You pause to study a level layout. You rewind cutscenes to catch narrative pacing shifts. You squint at pixel art choices like they’re brushstrokes.
It’s like comparing someone who watches Marvel movies for explosions versus a film buff who rewinds to study lens flares and match cuts. One consumes. The other sees.
The second trait? Curiosity beyond the top ten. You try that weird puzzle game from a solo dev in Minsk.
You replay Shadow of the Colossus just to watch how camera framing builds dread. You read old interviews with Shigeru Miyamoto. Not because it’s trendy, but because you want to know why the jump button feels so good.
Third: community participation that’s not performative. You post thoughtful critiques on forums (not) hot takes. You follow designers on Twitter (not just influencers).
You mod a game not for clout, but because you want to test a theory about enemy AI behavior.
None of this requires money or gear. Just attention. And patience.
You don’t need to own every console.
You do need to ask why something works. Or doesn’t.
Jogameplayer is built for people like this. Not for scoreboard chasers.
Most players stop at “fun.” Enthusiasts dig into how. That’s the difference. No fanfare required.

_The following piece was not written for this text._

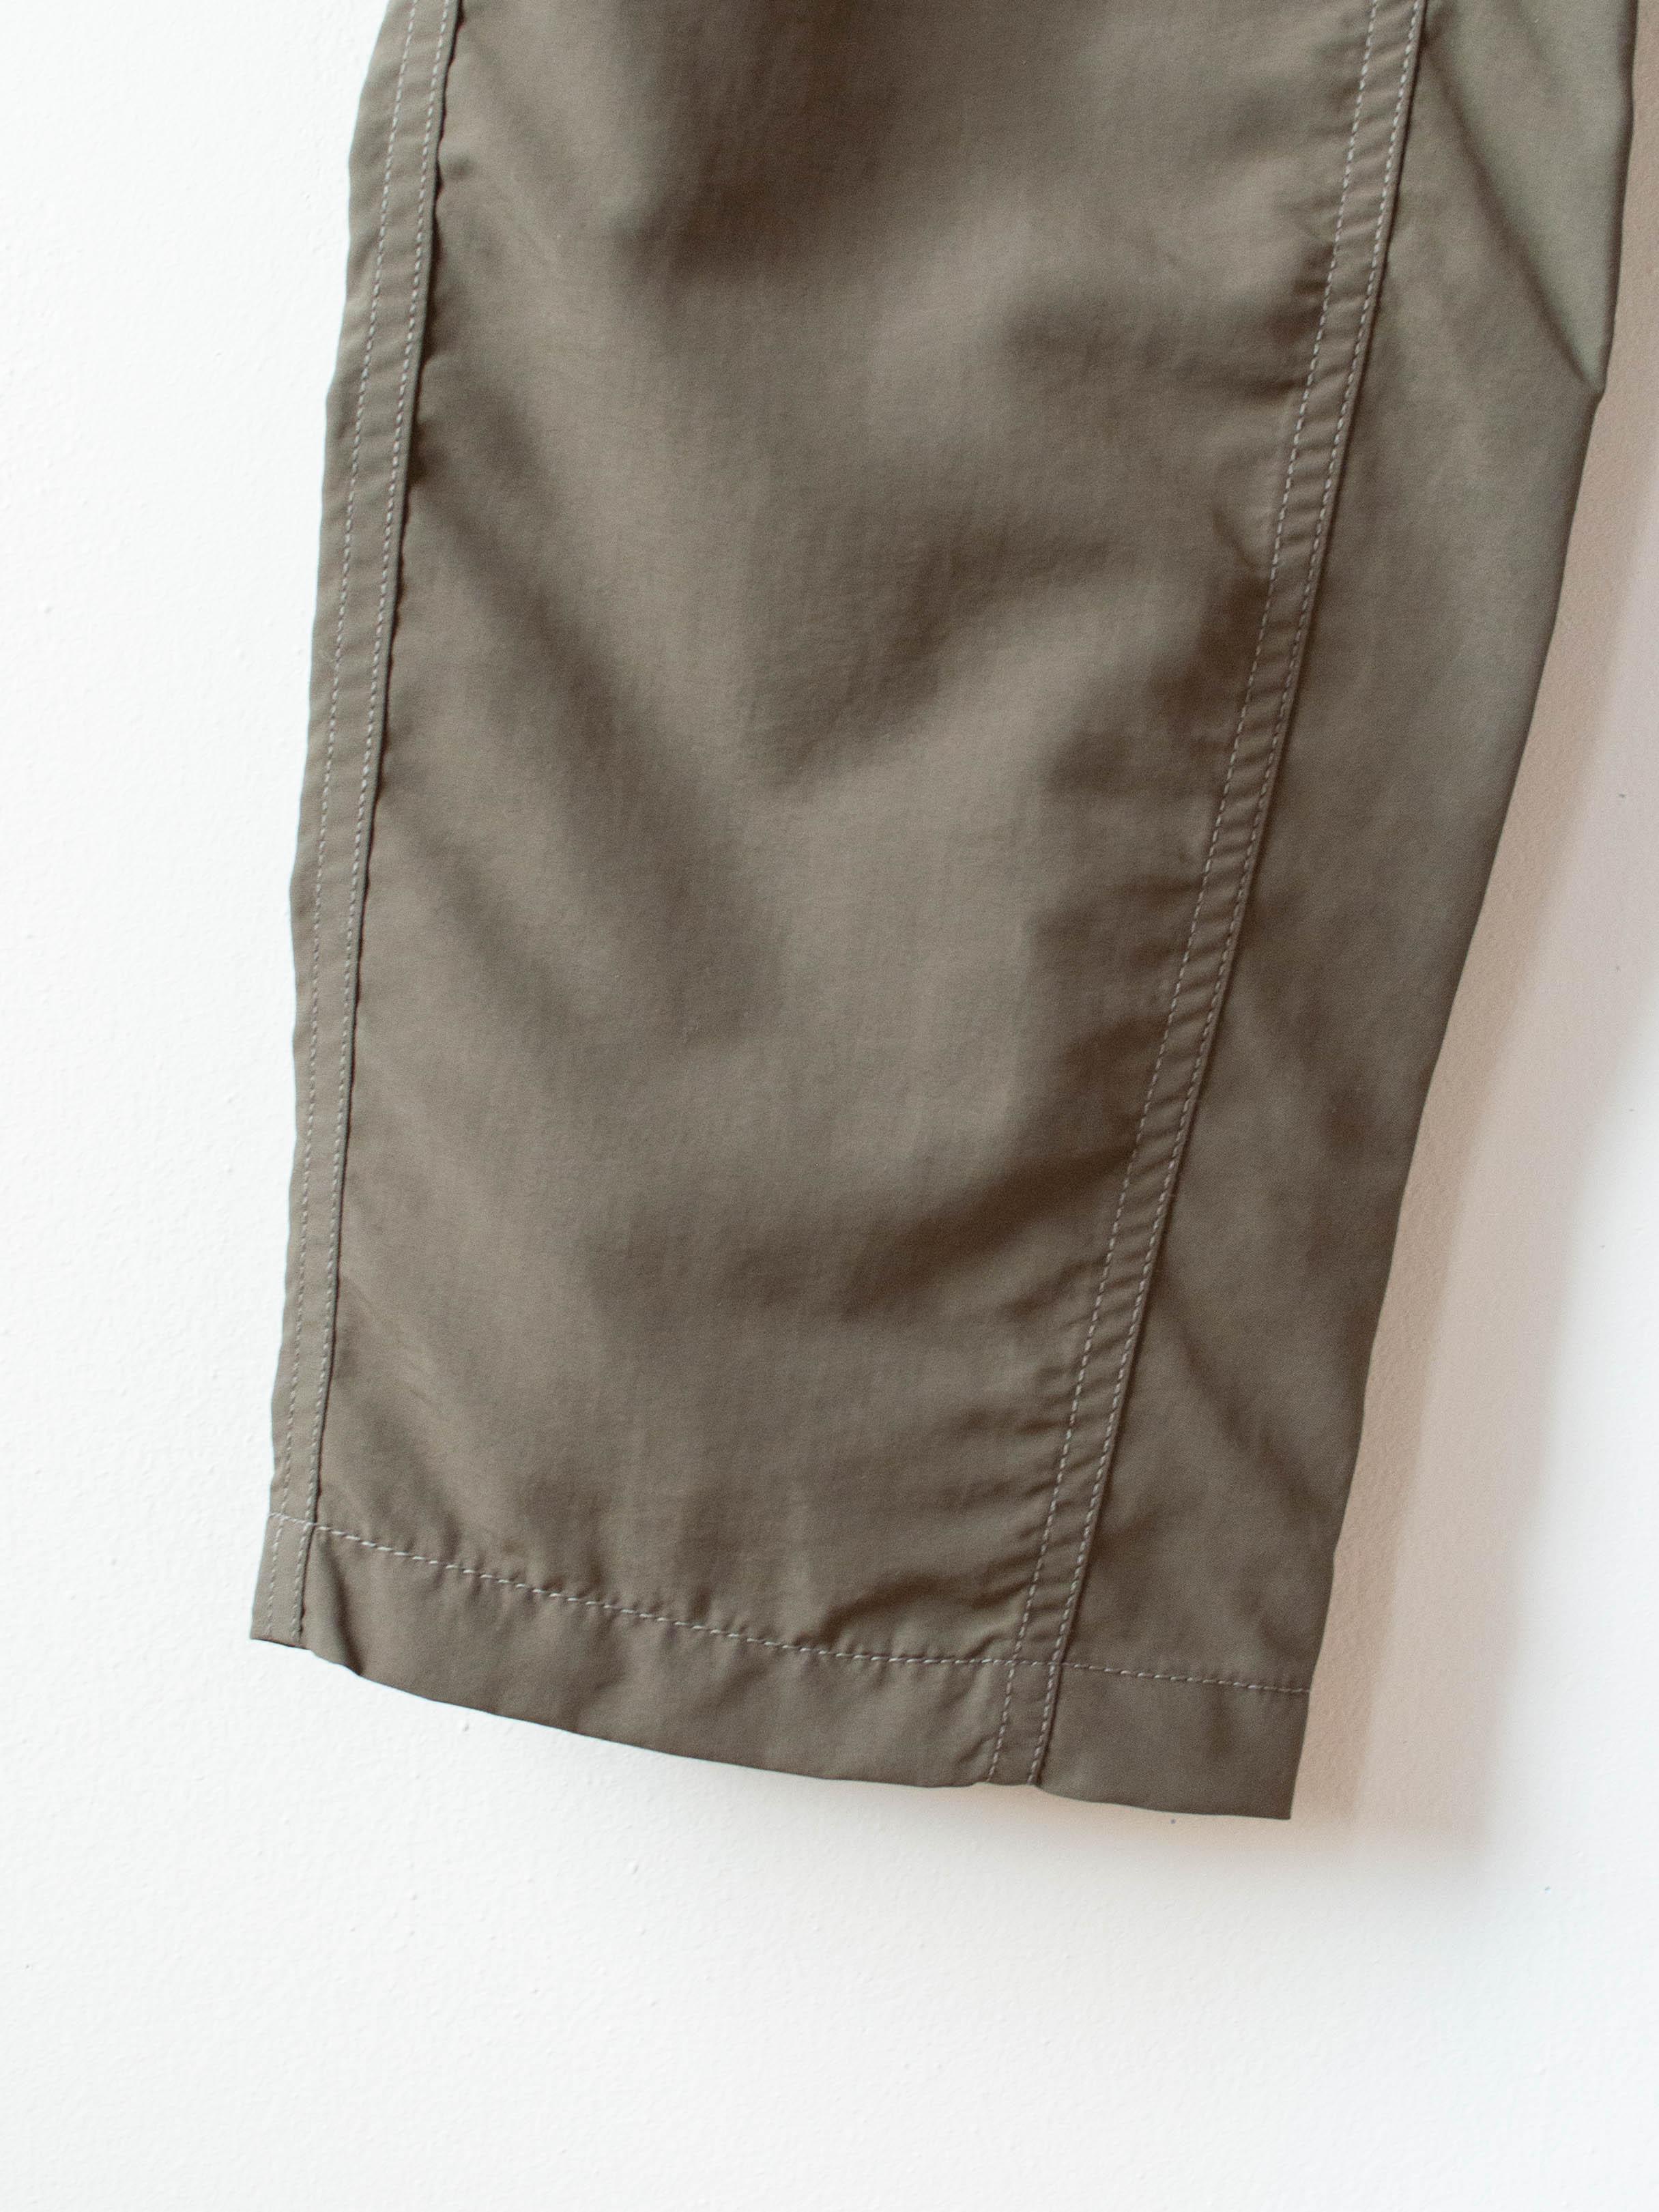 Namu Shop - CAYL Supplex Cargo Pants - Khaki

Which Gamer Are You, Really?
“Game enthusiast” is lazy shorthand.
It means nothing and everything.
I’ve met people who’d rather burn their Steam library than miss a SNES cartridge auction. Others who’ve played Street Fighter 6 for 1,200 hours and still flinch at frame data. Some record 4 a.m. streams just to explain why a mod changes combat pacing.
And then there’s the person who boots up a new Itch.io game before the developer finishes the README.
You’re not “just a gamer.”
You’re one of these. Maybe two, if you’re honest.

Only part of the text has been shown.